Em 2017, você dirigiu o espetáculo infantil “Berenice e Soriano” de Manuela Dias. Você tem outros projetos como diretora?
Era o Rodolfo que iria dirigir, mas, por conta da agenda, ele não pôde. Para mim, foi uma experiência maravilhosa, a partir de um texto maravilhoso, da Manuela, com quem trabalhei na série “Justiça”. A peça ganhou vários prêmios, mas ainda gosto de ser atriz. Cada vez mais estou adorando ser atriz. A música por perto me ajuda, me norteia.

Num momento em que recursos públicos para a cultura estão sendo cortados no país, como este quadro vem afetando o Galpão?

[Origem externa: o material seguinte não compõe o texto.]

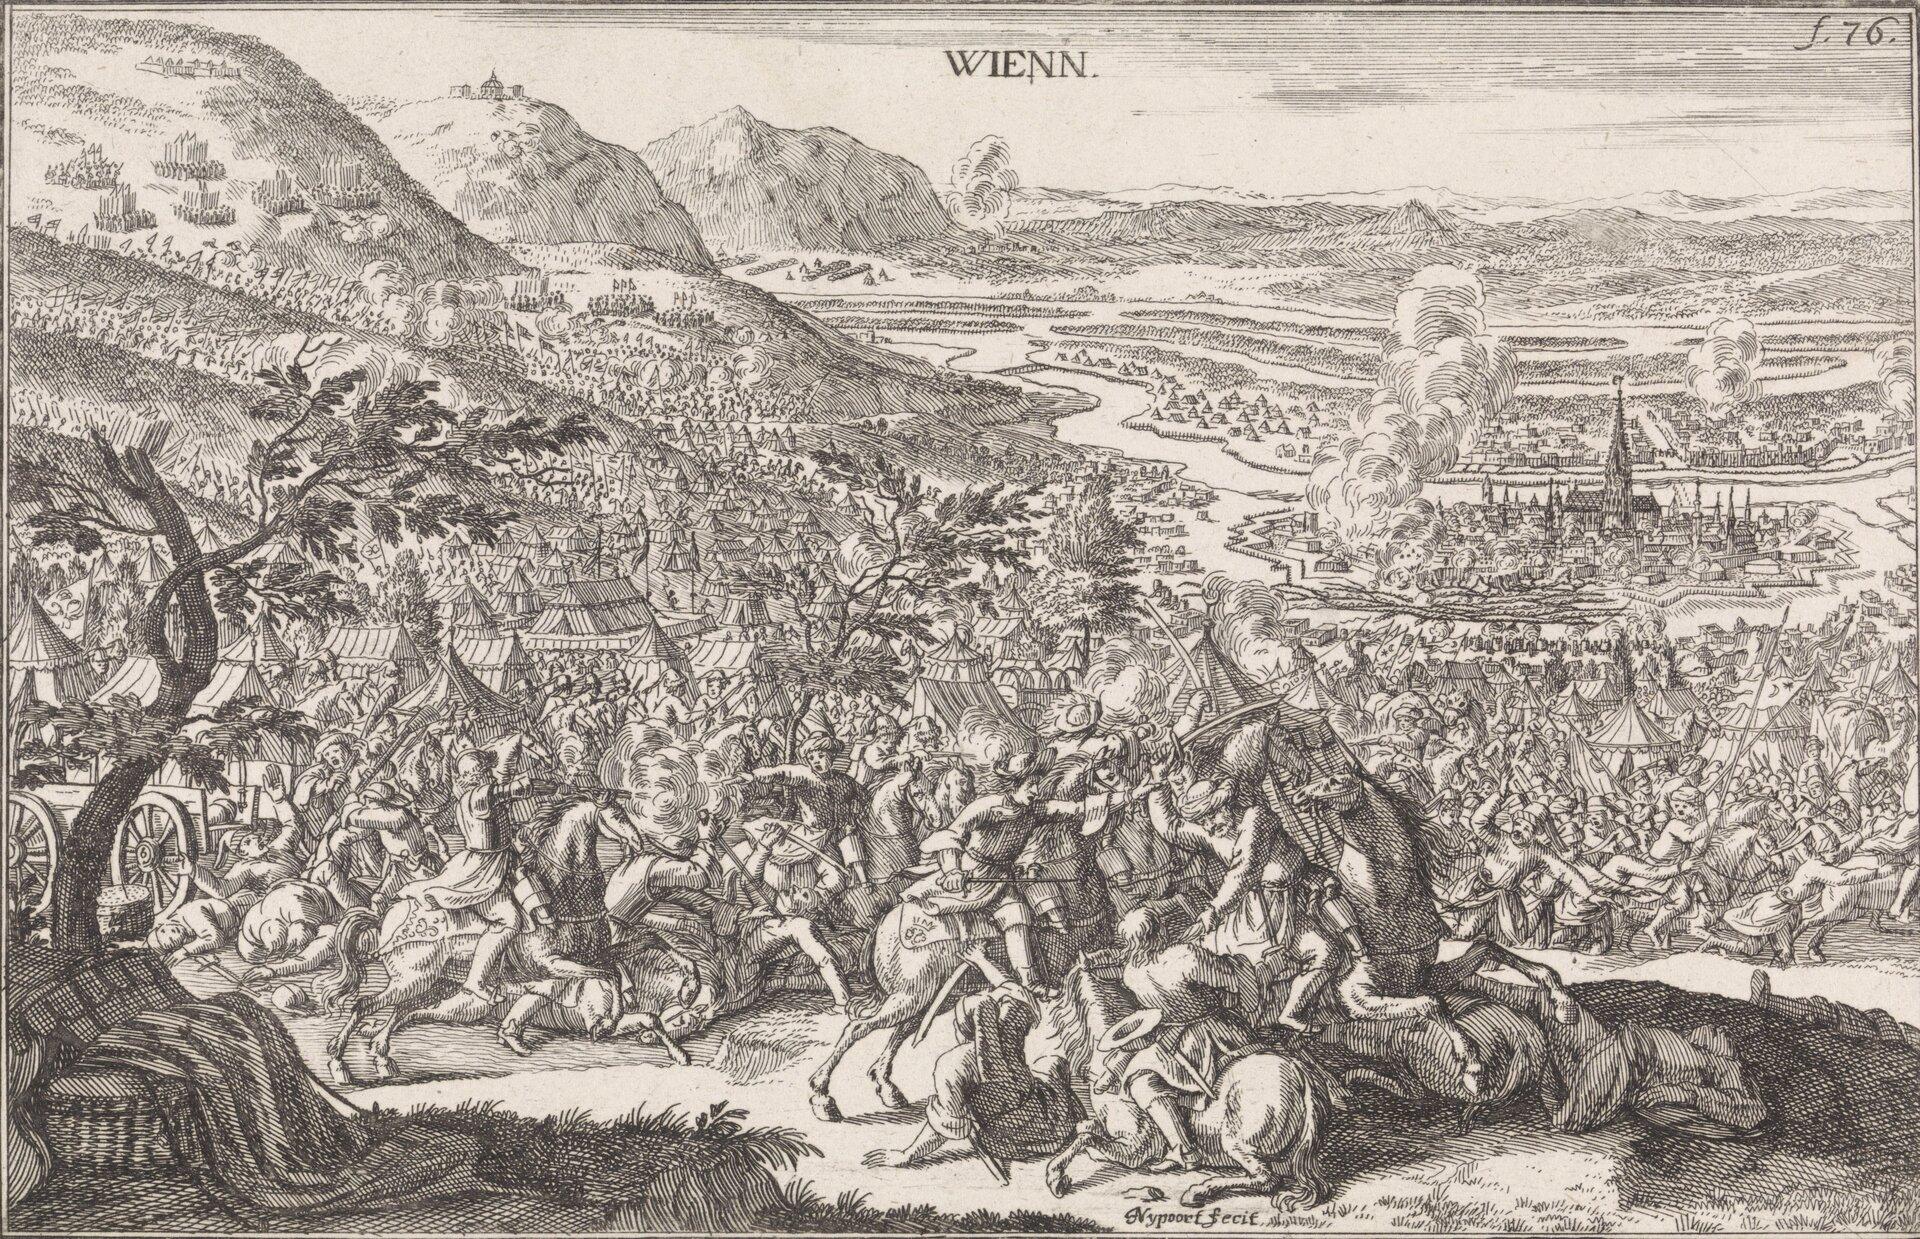 Oblężenie Wiednia Oblężenie Wiednia w1683 roku. Źródło: Justus van den Nijpoort, Oblężenie Wiednia, 1694, akwaforta, Rijksmuseum (hol. Muzeum Państwowe) wAmsterdamie, domena publiczna.
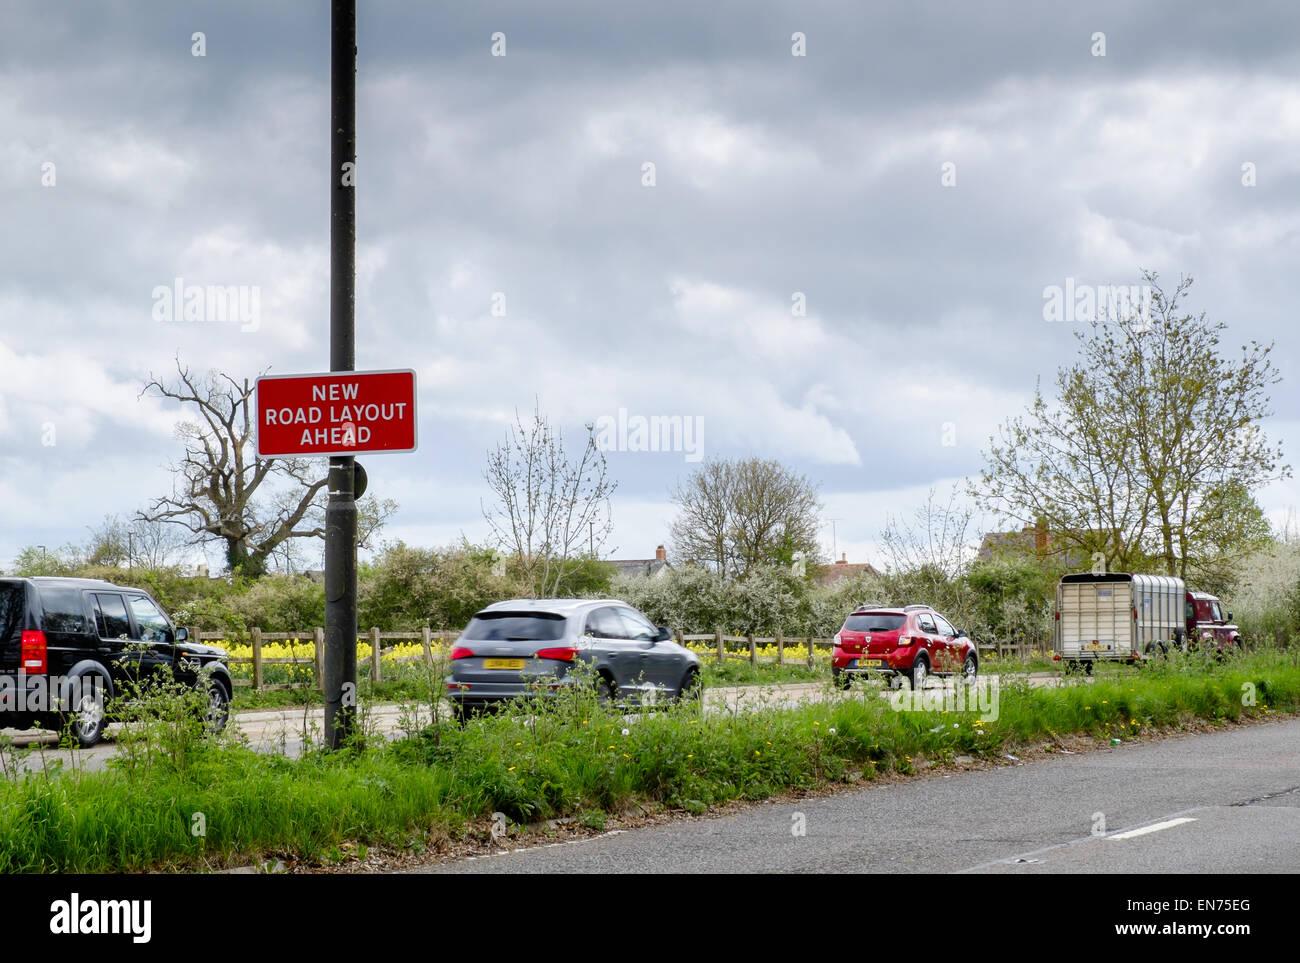 """Un """"nuovo tracciato stradale Ahead' segno su una strada principale in prossimità di un incrocio occupato Immagini Stock"""

O grupo tinha o patrocínio da Petrobras, que também anunciou o corte de verbas para a cultura. É triste, muito triste. O patrocínio da Petrobras ainda vale para este ano, mas, em 2020, não sabemos o que vai acontecer. Já estamos nos preparando. A gente vem diminuindo bastante a nossa estrutura. Uma peça como “Os Gigantes da Montanha”, por exemplo, não será mais possível, pois precisa de uma carreta de vários metros para levar o cenário. É como um circo. Sem um patrocínio forte, a gente não consegue tornar essa montagem viável. Foi muito bonito viajar pelo país, de Sul a Norte, de Oeste a Leste, sem privilegiar apenas o Sudeste.

Qual será o próximo trabalho do Galpão?
Estamos começando a preparar. Vamos fazer três experimentos cênicos ao final do ano, com três diferentes diretores. O ponto de partida será um trabalho de menor estrutura, com poucas pessoas.